Simon Winchester (BSS #87)

Simon Winchester is most recently the author of A Crack in the Edge of the World.

Condition of Mr. Segundo: Ready to drink geologists under the table.

Author: Simon Winchester

Subjects Discussed: San Francisco’s edgy impermanence, San Francisco vs. Venice and the North Sea cities, humankind’s geological privilege, New Orleans & Katrina, the hubris of California residents, anonymous threatening letters, denial vs. geology, Japan and disaster preparation, West Coast subliminal fear, editorial input into Winchester’s work, San Francisco vs. Daly City reactions to the earthquake centenary, Bruce Bolt, the true epicenter of the 1906 earthquake, Jim Tanner, Loma Prieta, subparallel faults, the Parkfield drilling, operating in the geological dark, responding to Bryan Burrough’s NYTBR review and Sam Tanenhaus, the importance of geology, Kevin Starr as an influence, Katrina federal aid vs. 1906 federal aid, looting after the 1906 earthquake, Winchester’s stance on tracking casualties, and defining historical context.


Winchester: The San Francisco event was a minor seismic event, but a major social event and a major scientific event that had huge importance on American history.

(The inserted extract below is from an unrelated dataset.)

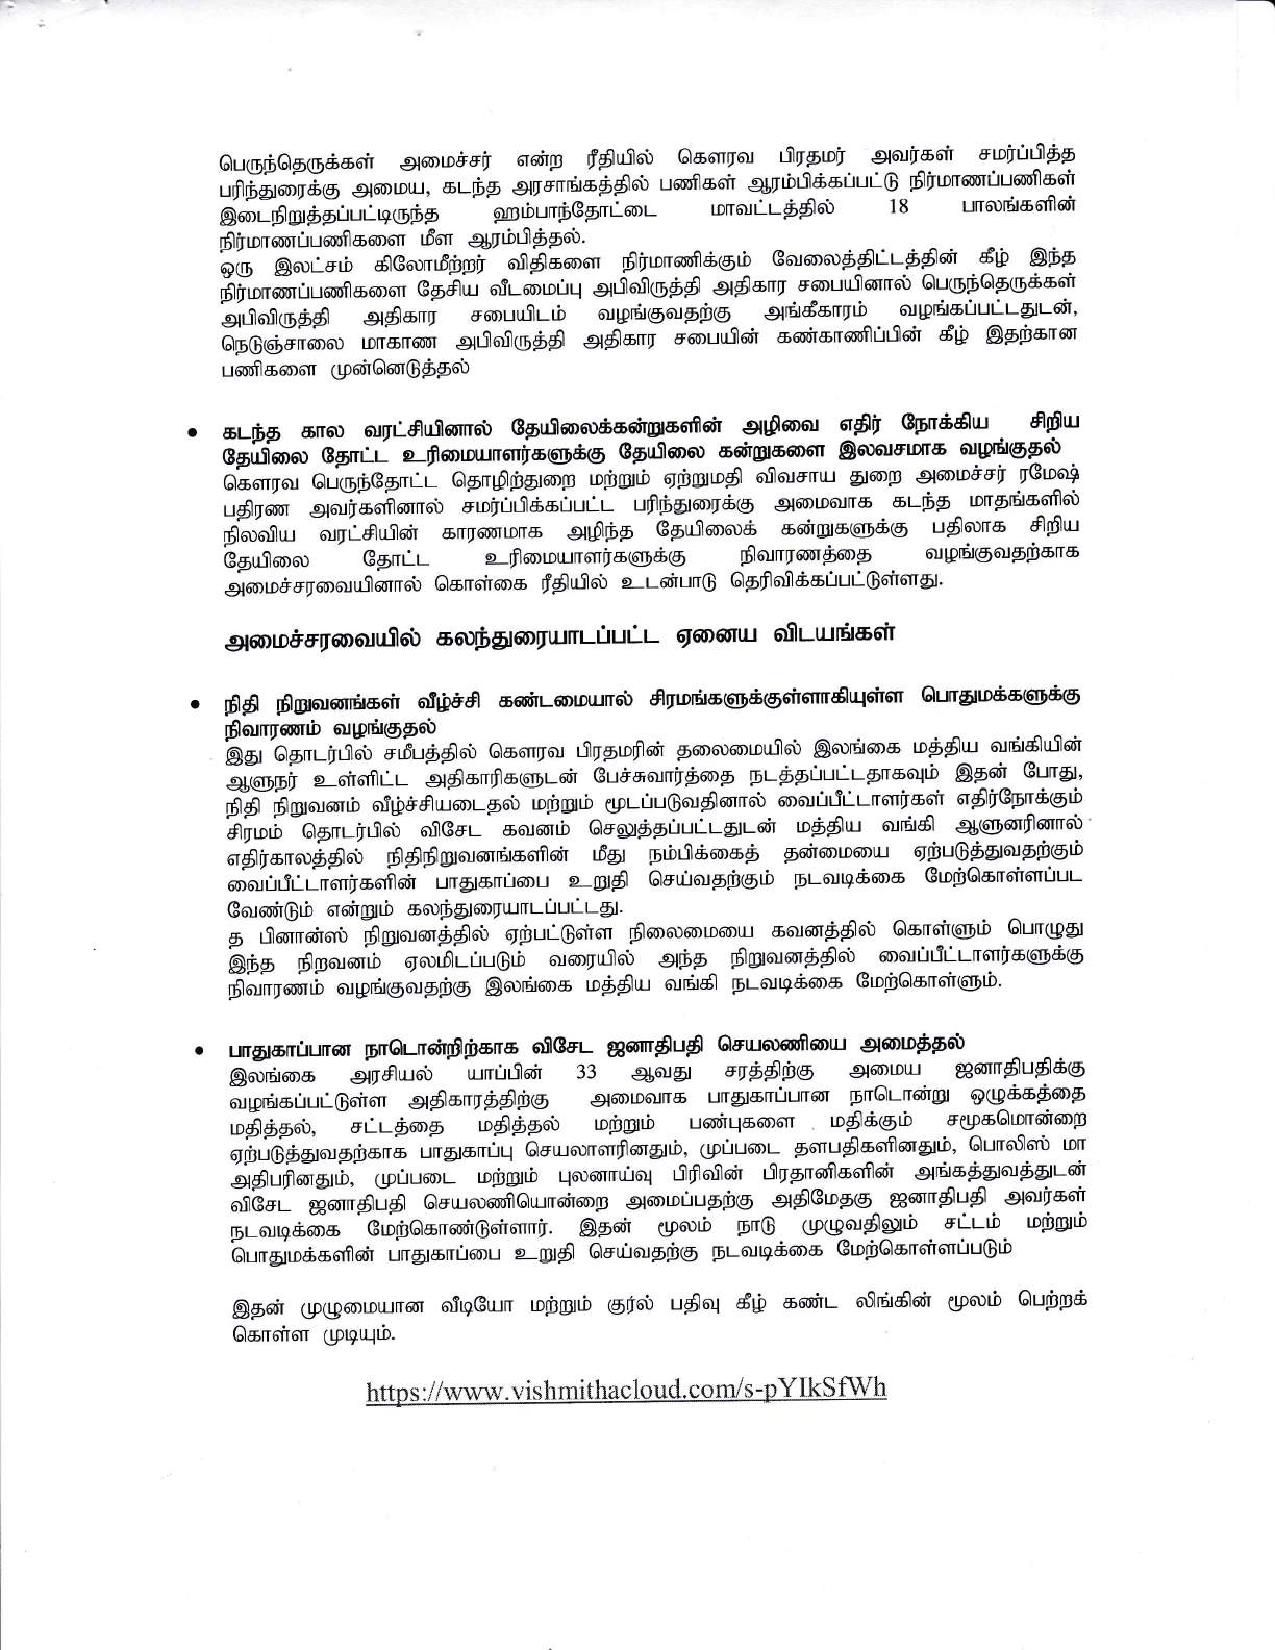 Cabinet Tamil compressed page 003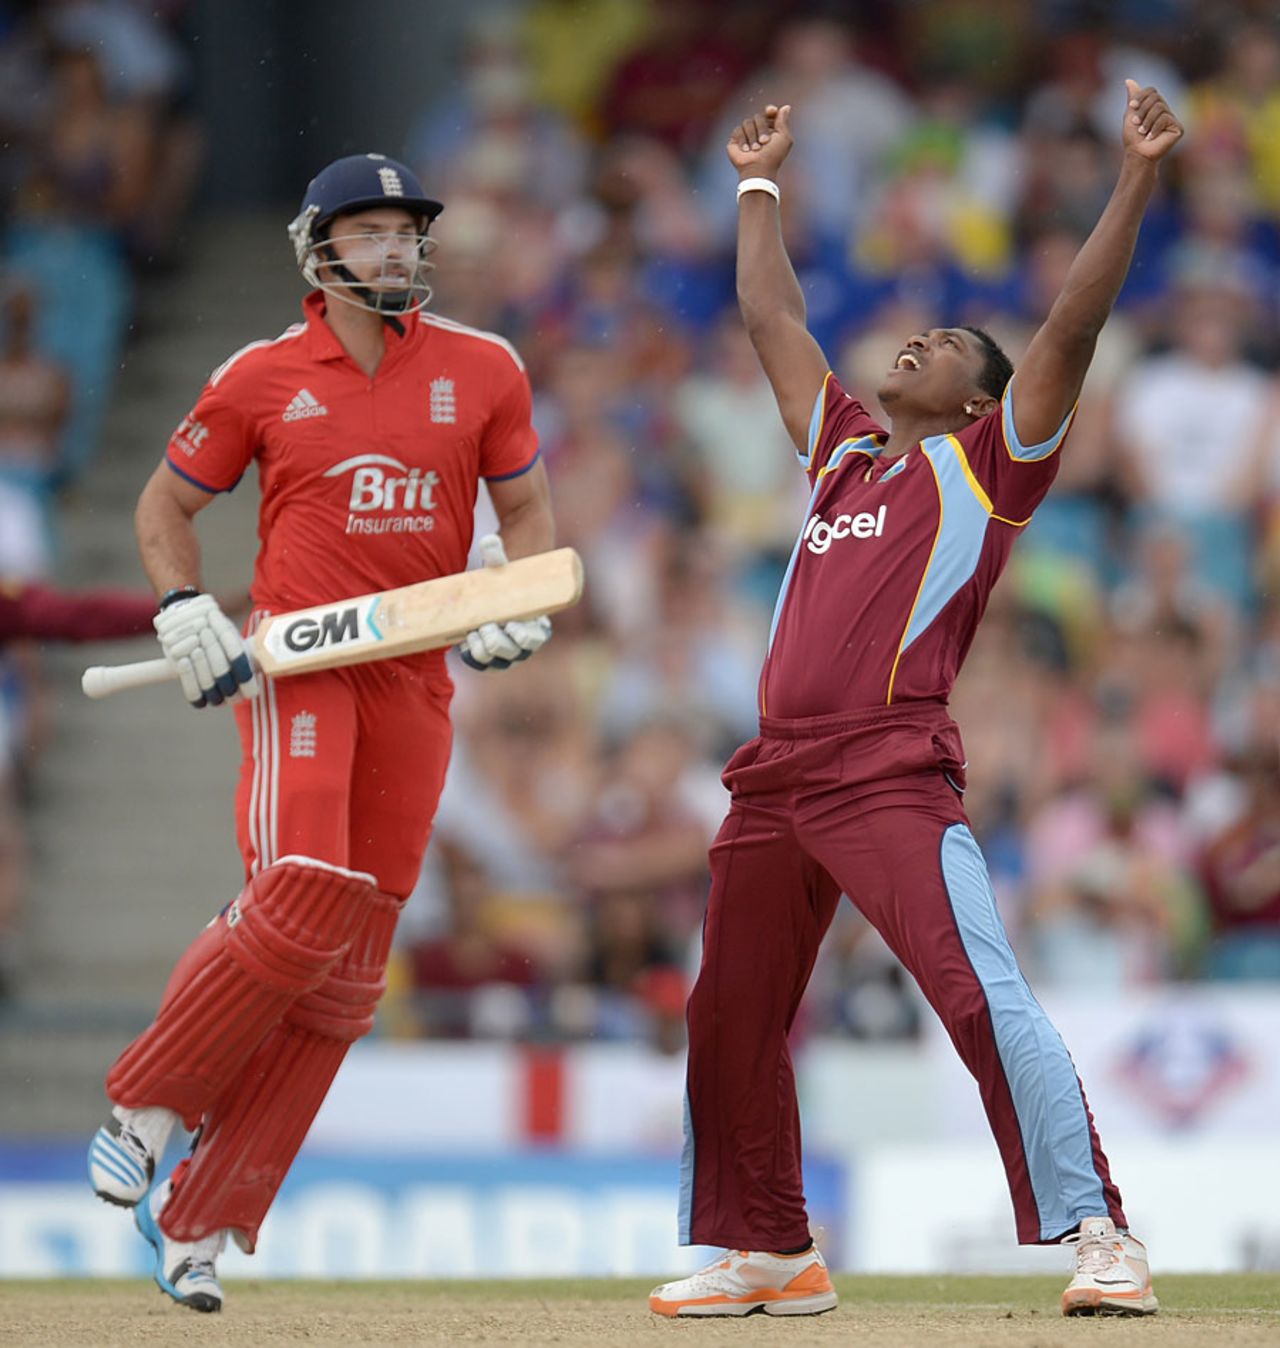 Krishmar Santokie made an impact on his return to the side, West Indies v England, 2nd T20, Barbados, March 11, 2014

Because it was the first time in world history that we stopped looking at these catastrophes as the work of a malevolent god and started to look at them as a natural event which should be explained. And so instead of unleashing priests on the problem, which we did in Lisbon in 1755 and after Krakatoa — mullahs there, because it was Islamic — in 1883, we unleashed on the orders of the then Republican Governor of California — Mr. Pardee, a rather dull dentist — we unleashed scientists. And scientists gave us answers. And those answers are of such profound importance that niggling around with whether there were 500 or 50 or 300, whether they were shot, whether they died under falling buildings, whether there was a deaf fireman, are so unimportant. They’re the stuff of tabloid journalism. They’re not the stuff of history.

What I was attempting to grapple with in this book was a historical series of realities, why this was an important earthquake. And whether or not the casualty figures were 1,000 or 5,000 is more or less irrelevant. It was the aftermath, the impact on human society, generally that is important.

Correspondent: So in covering any sort of moment in history, it’s not necessarily the fatality —

Winchester: You don’t cover the moments in history. Journalists cover moments. Historians look back on them with perspective and have, I think, a wider view which does not encompass the tiny details of whether there was a deaf fireman shot. It’s of no consequence whatsoever.